These affected industries have spillover effects on still other 
industries, until the entire economic system is more or less 
involved, and all prices and quantities are affected. This is like 
throwing a rock in a pond and examining the ripples deriving in 
every direction until the stability of the entire pond is affected. The 
size of the ripples declines as they move farther and farther away 
from the point of impact. Similarly, industries further removed or 
less related to the automobile industry are less affected than more 
closely related industries. 
What is important is that the effect that a change in the 
automobile industry has on the rest of the economy will have 
repercussions (through changes in relative prices and incomes) on 
the automobiles industry itself. This is like the return or feedback 
effect of the ripples in the pond after reaching the shores.

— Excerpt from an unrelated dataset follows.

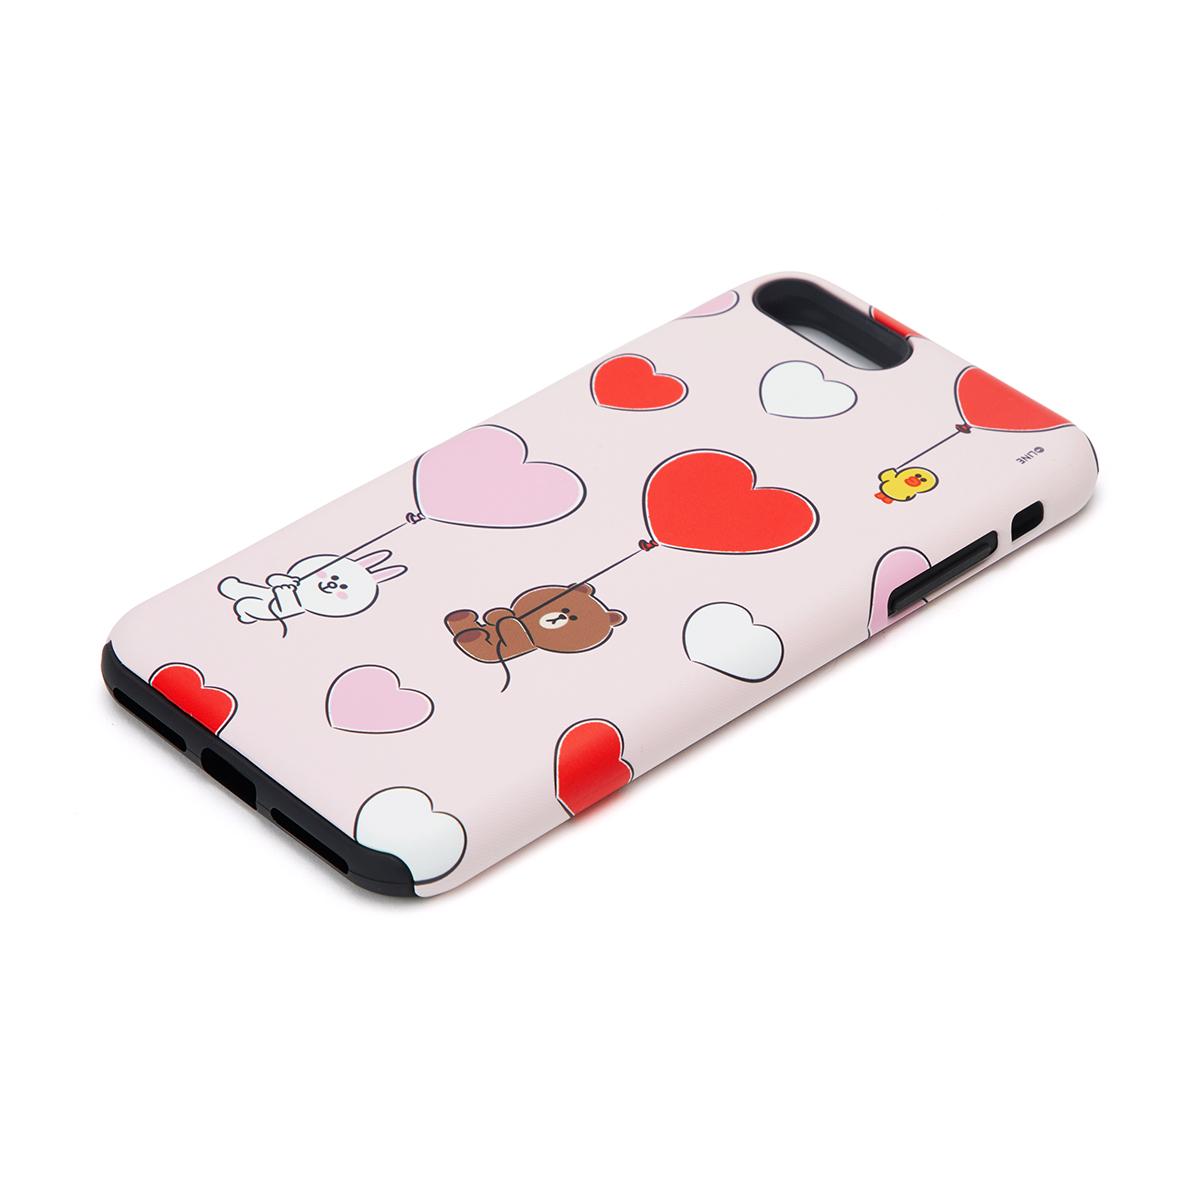 [아이폰 8 Plus] 핑크 브라운&프렌즈 하트 풍선 이중 범퍼 케이스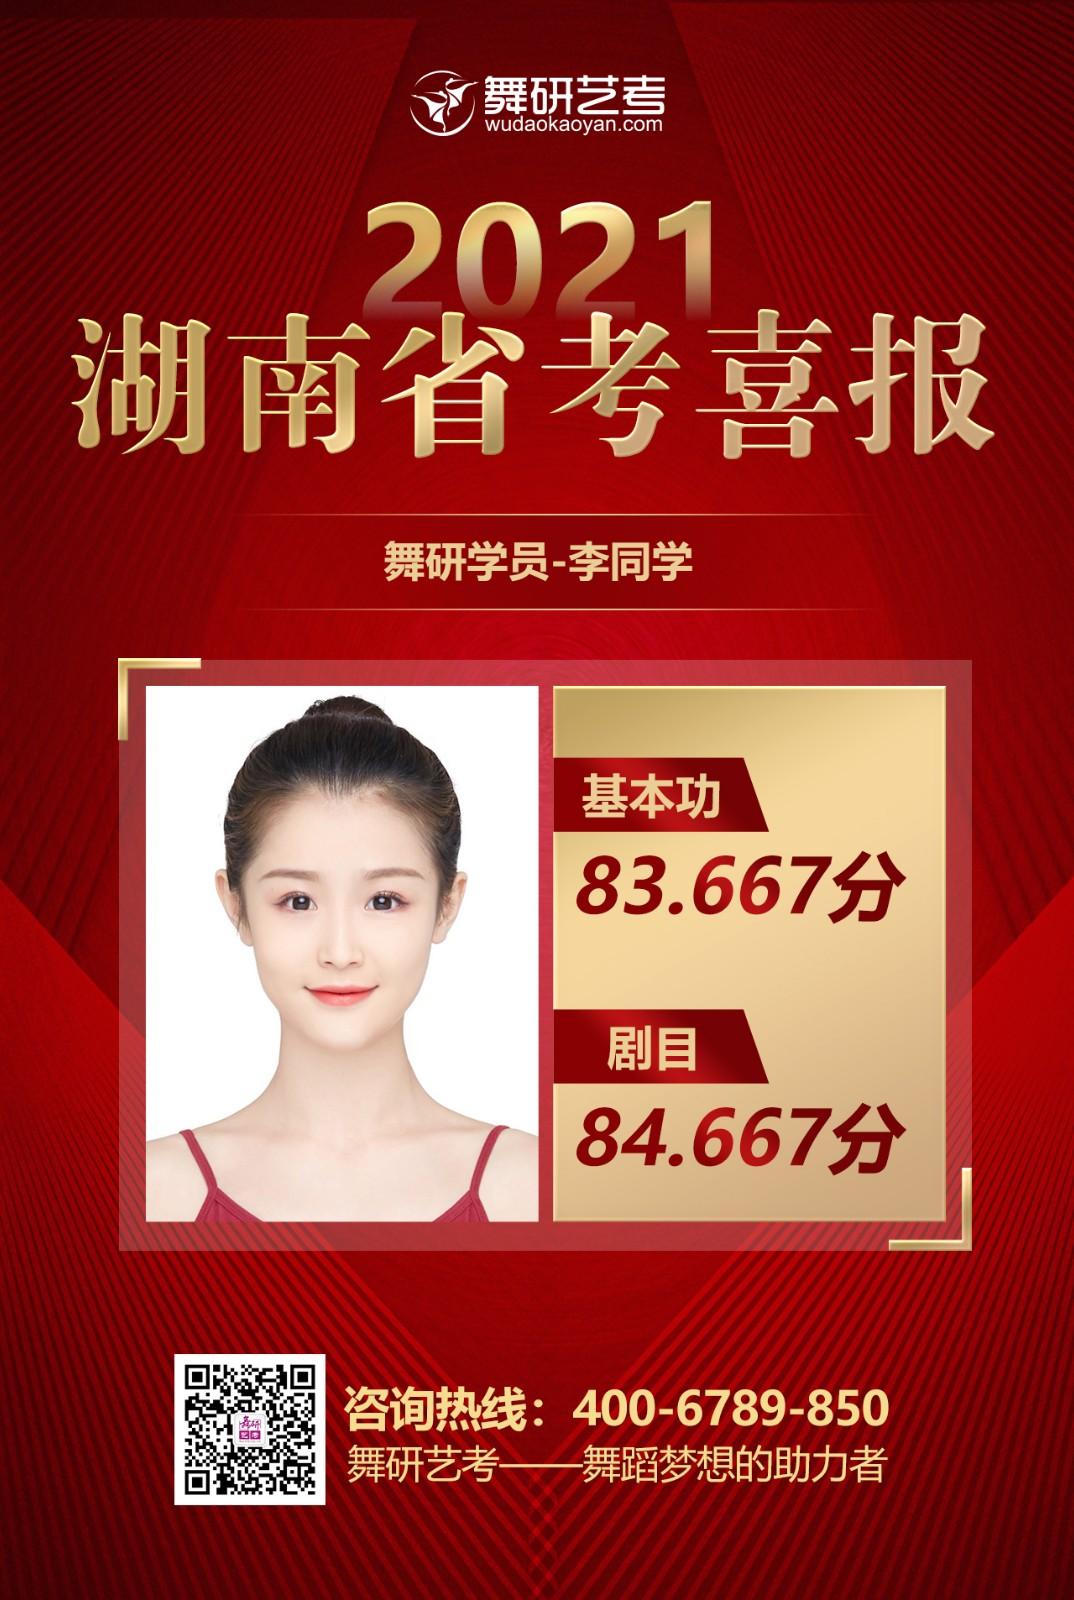 2021年湖南舞蹈省考,舞研艺考再传捷报!全员可高分过线,预计95%一本过线率!

These 
repercussions or feedback effects are likely to significantly modify 
the original partial equilibrium conclusions (price and output) 
reached by analysing the automobiles industry in isolation. 
When (as in the automobile example) the repercussions or 
feedback effects from the other industries are significant, partial 
equilibrium analysis is inappropriate. By measuring only the impact 
effect on price and output, partial equilibrium analysis provides a 
misleading measure of the total, final effect after all the 
repercussions or feedback effects from the original change have 
occurred. On the other hand, if the industry in which the original 
change occurs is small and the industry has few direct links with the 
rest of the economy, then partial equilibrium provides a good first 
approximation to the results sought. 
The logical question is why not use general equilibrium 
analysis all the time and immediately obtain the total, direct, and 
indirect results of a change on the industry (in which the change 
originated) as well as on all the other industries and markets in the 
economy? The answer is that general equilibrium analysis, dealing 
with each and all industries in the economy at the same time, is by 
its very nature difficult, time consuming, and expensive. Happily for 
the practical economist, partial equilibrium analysis often suffices. 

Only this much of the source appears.